Here's what I have so far: $$points: \vec{p1},\space \vec{p2}$$ $$g = 9.8m/s$$ $$t=\text{Time. Equivalent to f(x)=x.}$$ $$\large{\vec{v_0}=[}f_{\small{vx}}(\small{\frac{v_y}{g}}\large{)},\space v_y\large{]}$$

I first calculate the $$y$$ velocity I need to reach height $$h$$.

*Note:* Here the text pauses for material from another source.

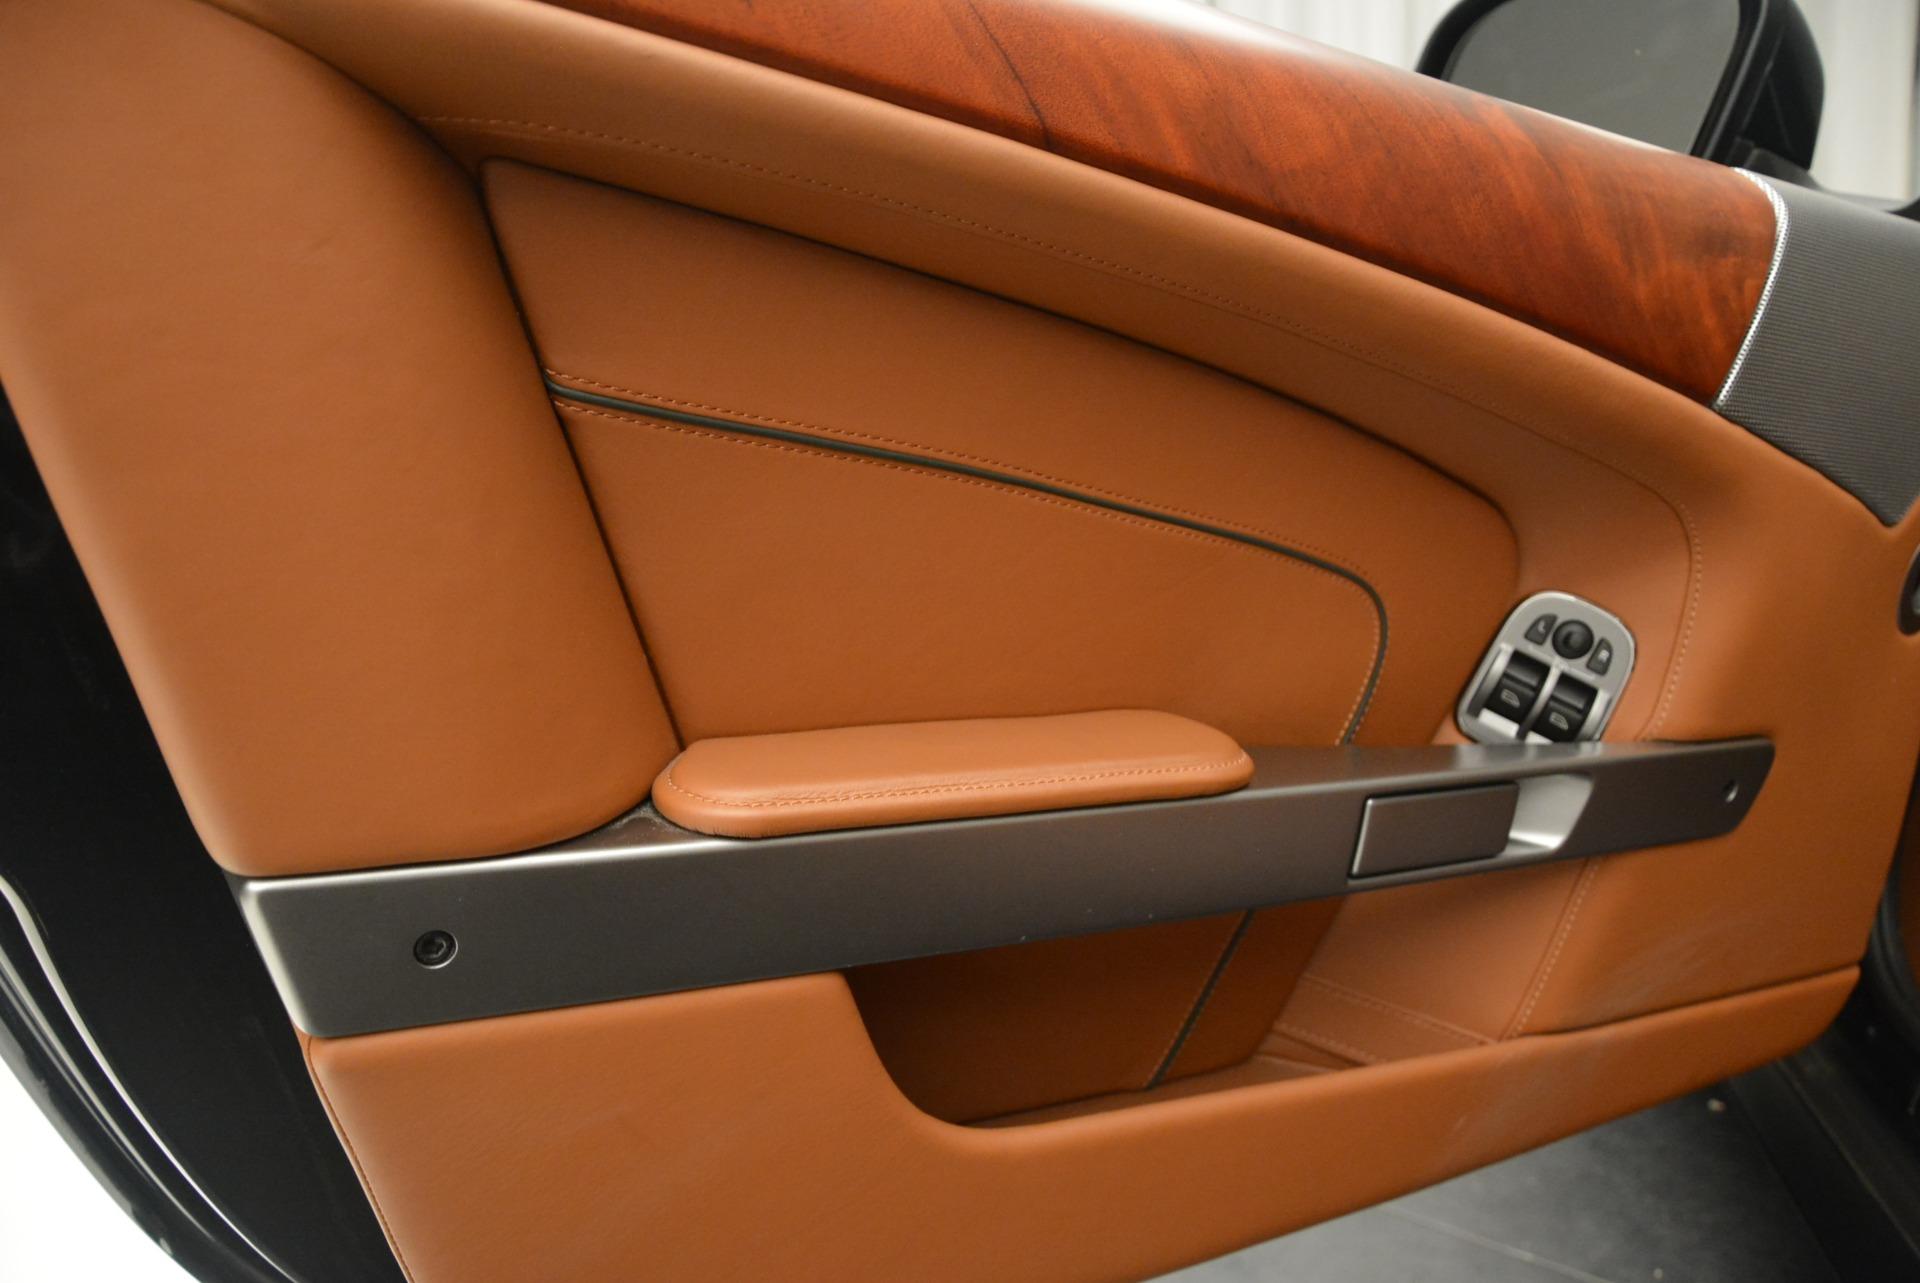 Used 2012 Aston Martin Virage Volante For Sale In Westport, CT 2508_p23

$$v_y=\sqrt{2g\space\cdot(h-\vec{p1}_{\large{y}})}$$

With the $$y$$ velocity, I can now use the constant force of gravity to calculate the air time. $$t=\frac{v_y}{g}$$

I then plug the air time into a function that finds the $$x$$ velocity needed to reach $$p2_{\large{x}}$$ before my $$y$$ velocity runs out. $$f_{vx}(t)=\frac{\frac{1}{2}(\vec{p2}_x - \vec{p1}_x)}{t}$$ (If the $$x$$ displacement is not halved in the above formula, the peak of the arc will be directly over $$\vec{p2}$$)

This results in the equation for $$\vec{v_0}$$.

What I've tried so far

I tried finding a way to use a proportion of the untraveled height to adjust the air time that $$f_{vx}()$$ uses. The way I tried was this:

$$c_d=\frac{h-(p2_y-p1_y)}{h}+1$$ (The $$+1$$ is added because the arc is assumed to always have traveled at least $$\frac{1}{2}f_{vx}(v_y)$$, therefore the extra amount over 1 is what is being added on to the $$x$$ velocity)

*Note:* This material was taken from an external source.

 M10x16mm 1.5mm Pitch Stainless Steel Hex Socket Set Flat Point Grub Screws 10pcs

After I got this correctional value, I tried inserting it into many different spots in the equation, but none seemed to produce the desired result. Am I on the right track?

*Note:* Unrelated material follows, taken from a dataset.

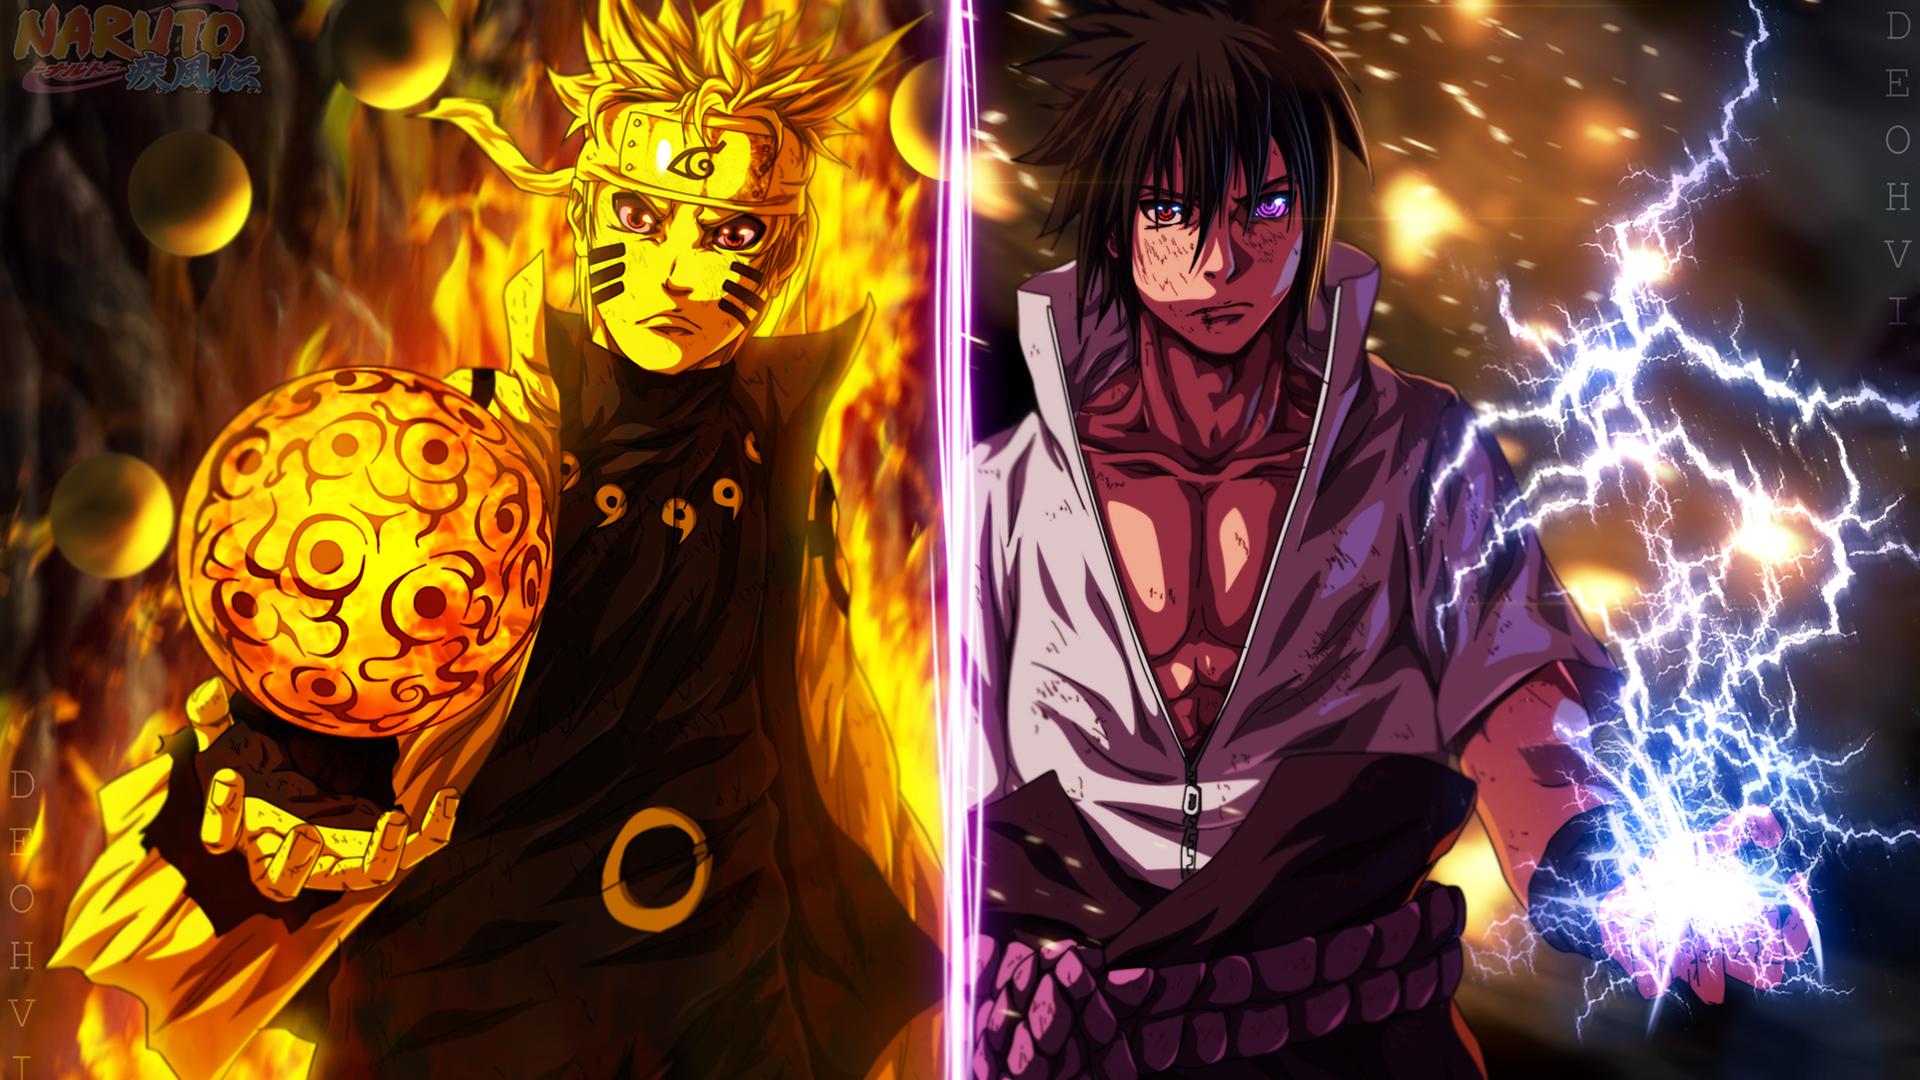 Naruto and Sasuke Wallpaper HD 1920x1080

I feel like I'm close, but missing something important. Any help that can be given would be very appreciated!

• I think it might help you to set $x_0=0$ and $y_0=0$ (without loss of generality since only the distance differences matter). In which case, you know that $v_{0y}$ must equal $\sqrt{2gh}$. They you can use $y_f = \frac{-gx_f^2}{2v_{0x}^2}+\frac{x_f v_{0y}}{v_{0x}}$ to solve for $v_{0x}$ given the final point.
– hft
Commented Oct 6, 2023 at 0:53

1 Answer

The height, $$h$$, determines the $$y$$-component of the initial velocity.

$$y_{\text{max}} = h \;\;\;\;\Rightarrow\;\;\;\; v_y = \sqrt{2g(h-P_{1y})}$$

The end points, $$P_1$$ and $$P_2$$, constrain the trajectory such that $$$$\begin{cases} P_{2x} &= P_{1x} + v_xT \\ P_{2y} &= P_{1y} + v_yT-\frac{1}{2}\,g\,T^2 \\ \end{cases}$$$$

$$T$$ is the time after launch when the particle reaches point $$P_2$$. This is a system with two equations and two unknowns, $$v_x$$ and $$T$$. Solving for $$v_x$$, there are two solutions.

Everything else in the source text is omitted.